When, some days later, you again call the large company with the truly appalling reputation for customer service to again request that the simple thing be done you are beginning to be disappointed with them. Though you have no great facility for expressing anger you try to sound at least a little miffed. Customer service person number 3 is as polite as his predecessors and, detecting that your gruntledness has been dissed, he is also apologetic. Not content with merely logging a request for the simple thing to be done on the computer system he telephones the Department of Simple Things and speaks to someone there. He is assured that the simple thing will definitely be done in the next 2 days. He is convinced that this is so and tells me so. Two days seems like a come down from the ambitious claims of 24 hours that had gone before but that word "definitely" comes as considerable consolation. You thank him and hang up.

When time (and rather more of it than two days at that) passes and the simple thing remains undone you are not unduly surprised but you are a little disappointed in the company whose appalling reputation for customer service would appear to be altogether too generous. It's not just that they can't manage to do the simple thing; it's the fact that the simple thing can remain undone after three requests without, apparently, anyone noting the fact and taking some kind of action. Or if, bizarrely, there is some reason why the simple thing is not, after all, so simple to achieve, there has been no attempt made to contact you to explain that this is the case. You wonder if this is not possible as perhaps they have no record of your telephone number. But then you remember that the large company provides your telephone service. It seems altogether more likely that they're just shit.

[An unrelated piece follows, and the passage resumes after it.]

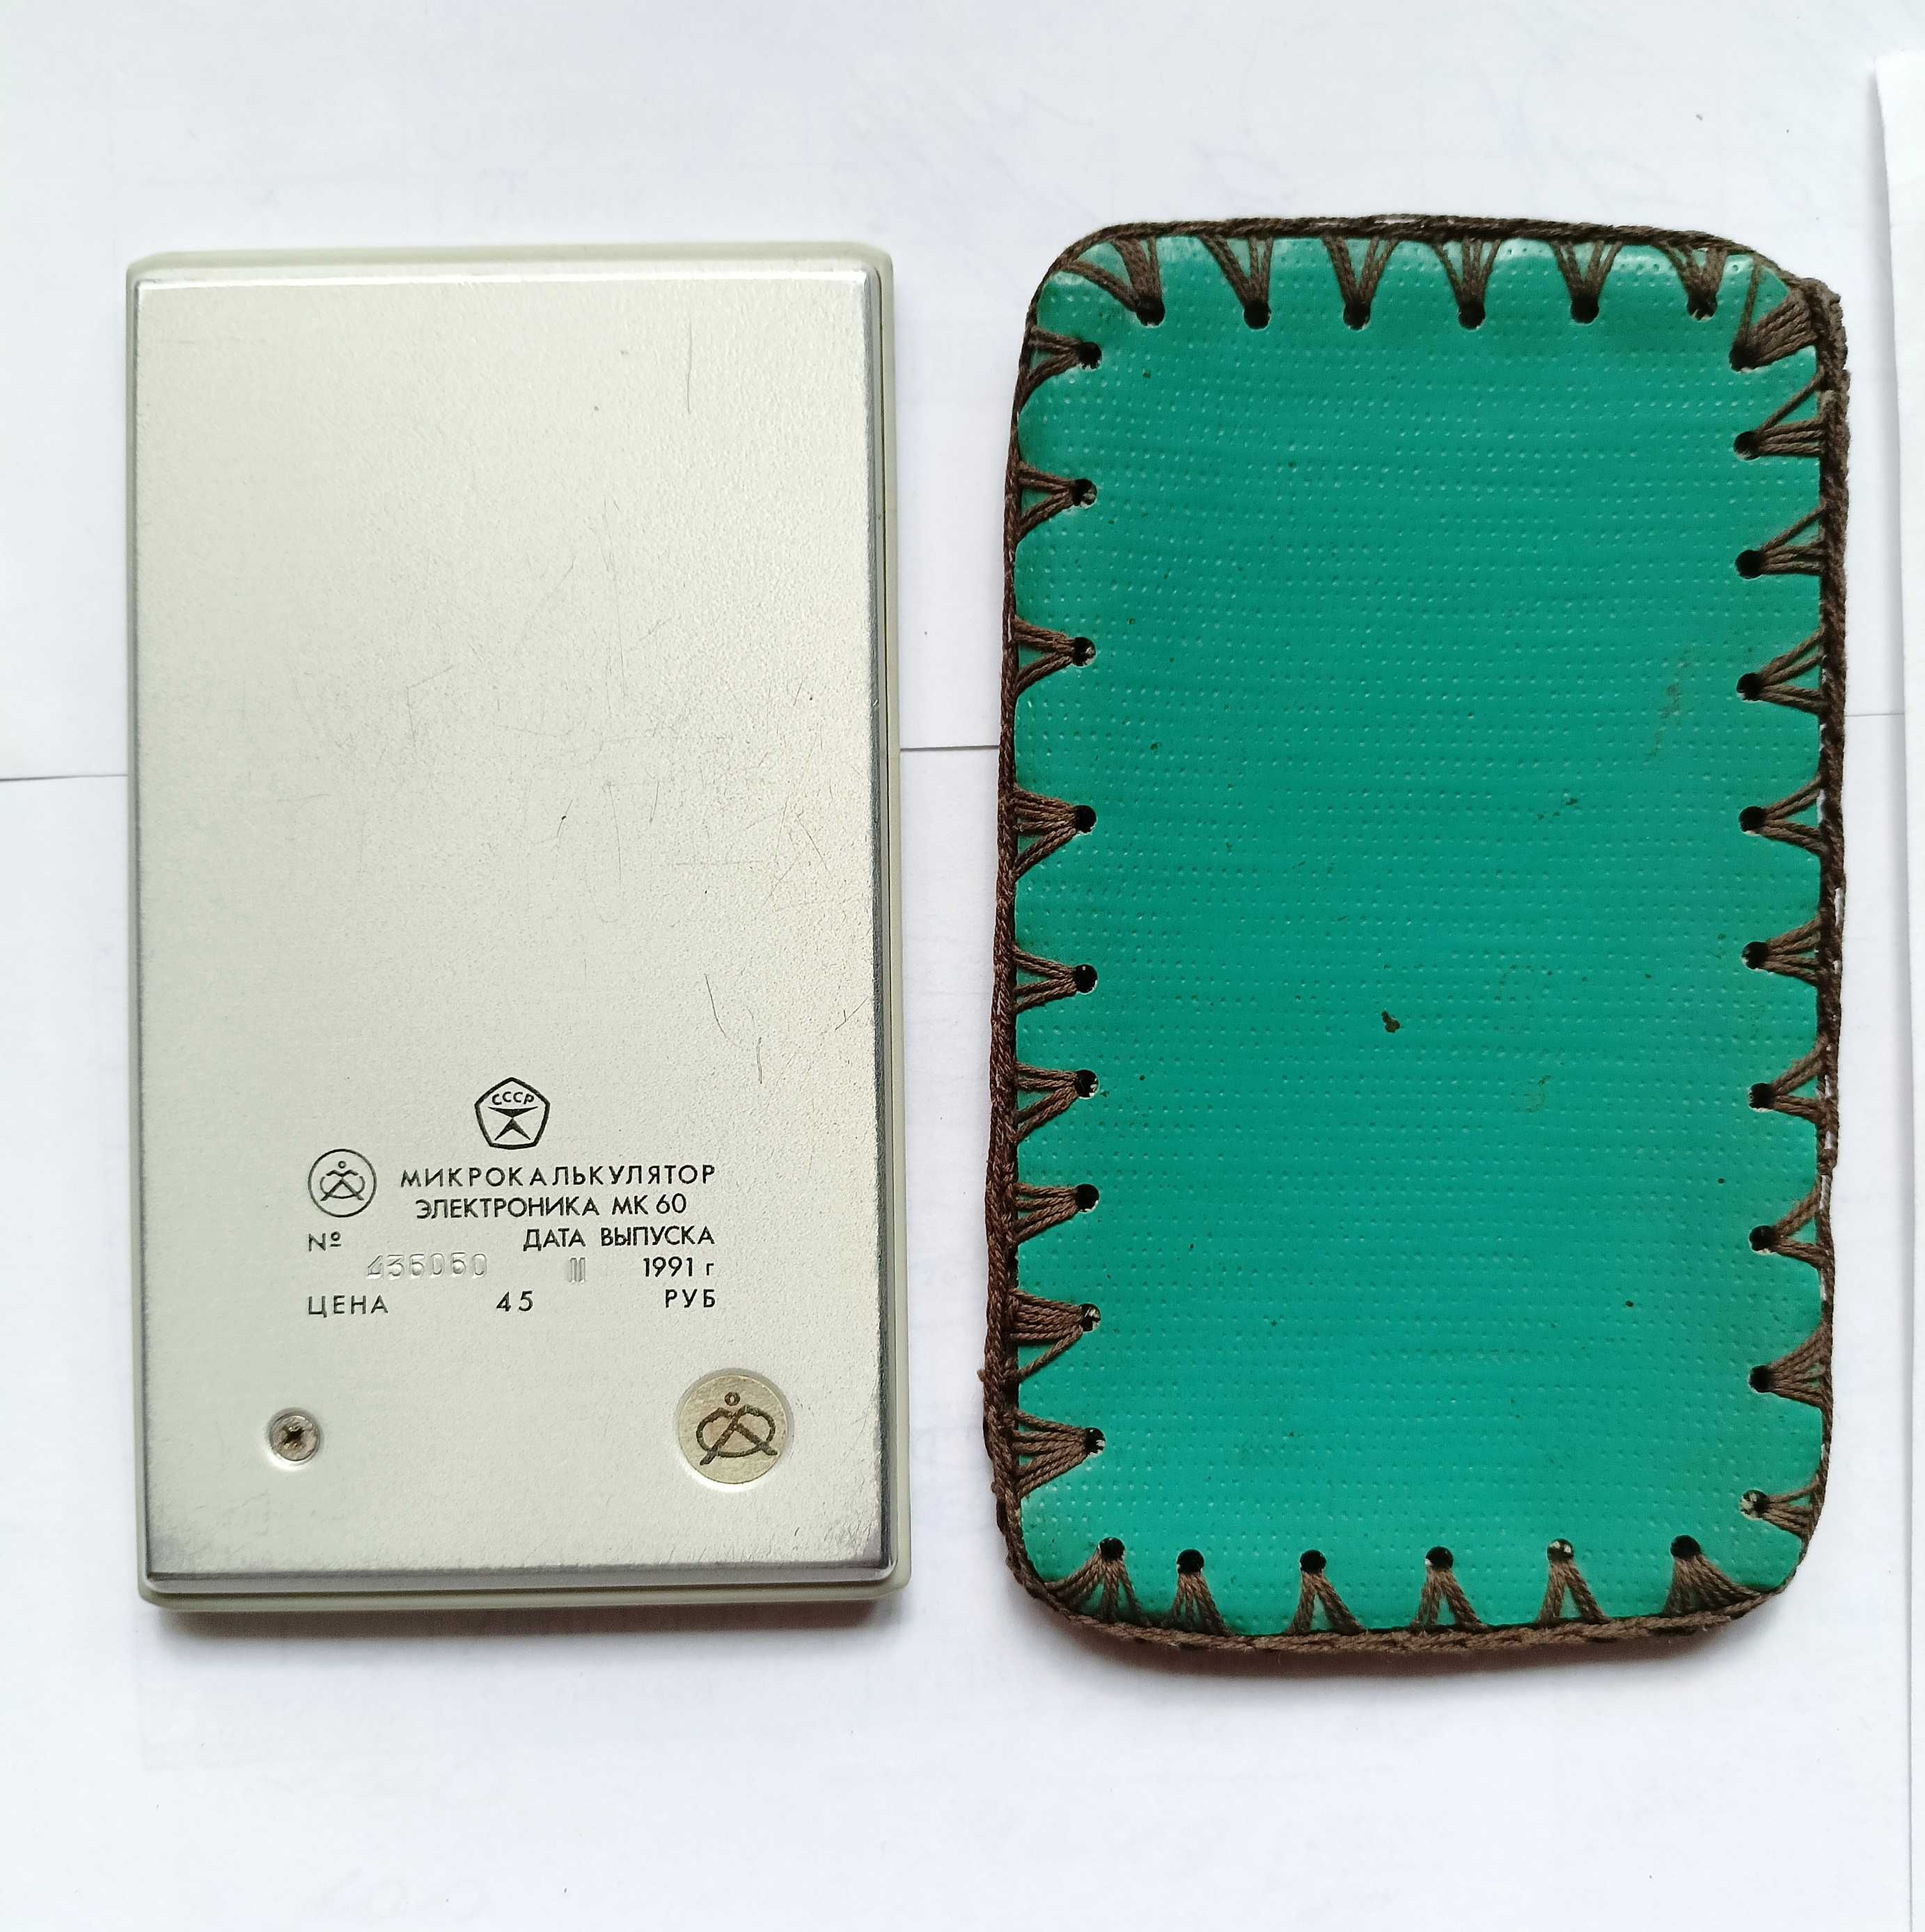 Калькулятор "Электроника МК 60" на сонячній батареї

Request number 4, which you intend to escalate from miffed to quite irate, is dealt with by a very polite customer service employee who hangs up very quickly after telling you that the simple thing will be done in the next 24 hours. You don't have time to express the opinion that you're sure it won't. Had you done so you would have been right.

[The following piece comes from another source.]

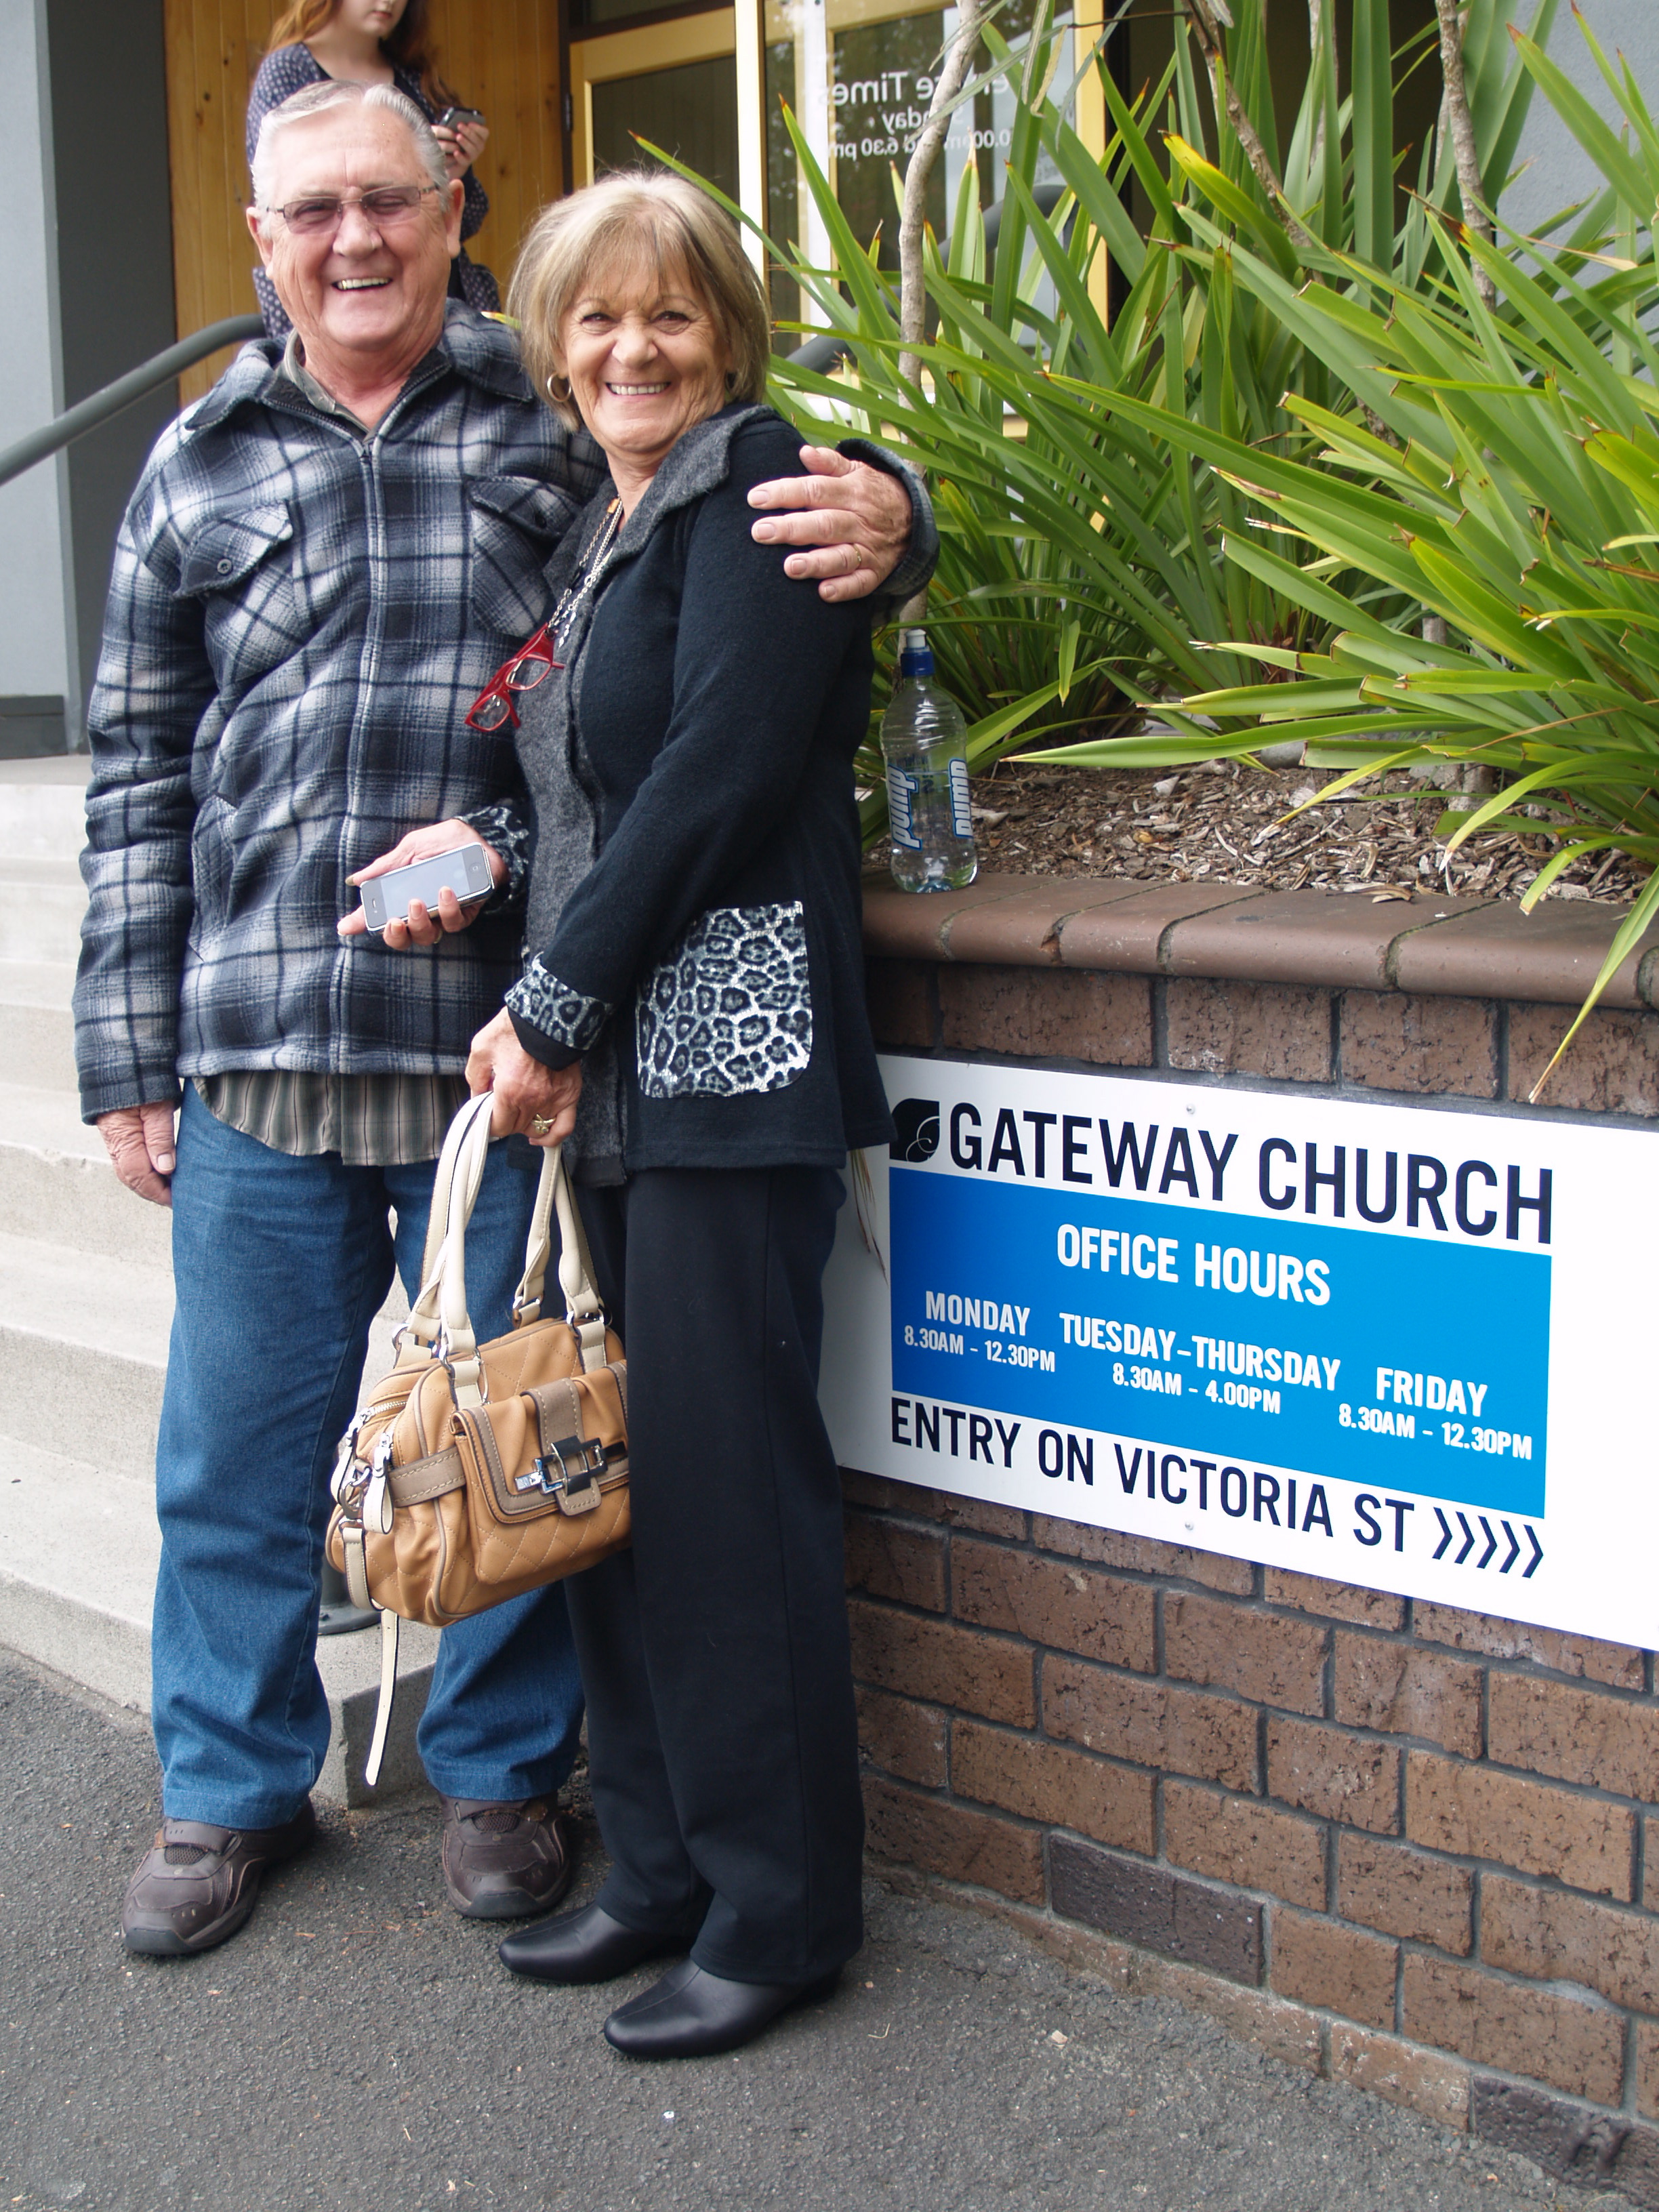 Mum Nena and husband Charles at Gateway Church - Hamilton, New Zealand (April 2015). Credit: William Van Zyl

There may have been a similar request number 5 but by now you've kind of lost count.

The next time you call the large company with an unparallelled reputation for utter uselessness in customer services that still in no way comes close to expressing how worthless and inept they actually are you have a plan. You will refuse to hang up until the simple thing has been done and you will employ escalating levels of carefully directed rage to convince the polite customer service employee it would be wise of him to ensure this happy outcome. Customer service employee number whatever reads through the notes of the previous customer service employees and recognises that this has gone on long enough. He will put you on hold while he talks to someone in the Department of Simple Things and finds out if there is any reason why the simple thing has not been done already and make every effort to ensure that it be done now without delay.

You hear 4 seconds of the dreadful "you are on hold" theme tune before the line goes dead.

You swear a good deal.

You write a long and boring entry on your weblog in which you coyly choose not to name the wretched bunch of wasters until the very end.

It's NTL. They're rubbish.


Comments:
Well you see what NTL cleverly do is treat their customer service employees appallingly badly so that they are better able to empathise with their callers.

All the same, I think the phone message in question arose from an honest mistake. The worker in question just got his script and an in house memo on company policy mixed up.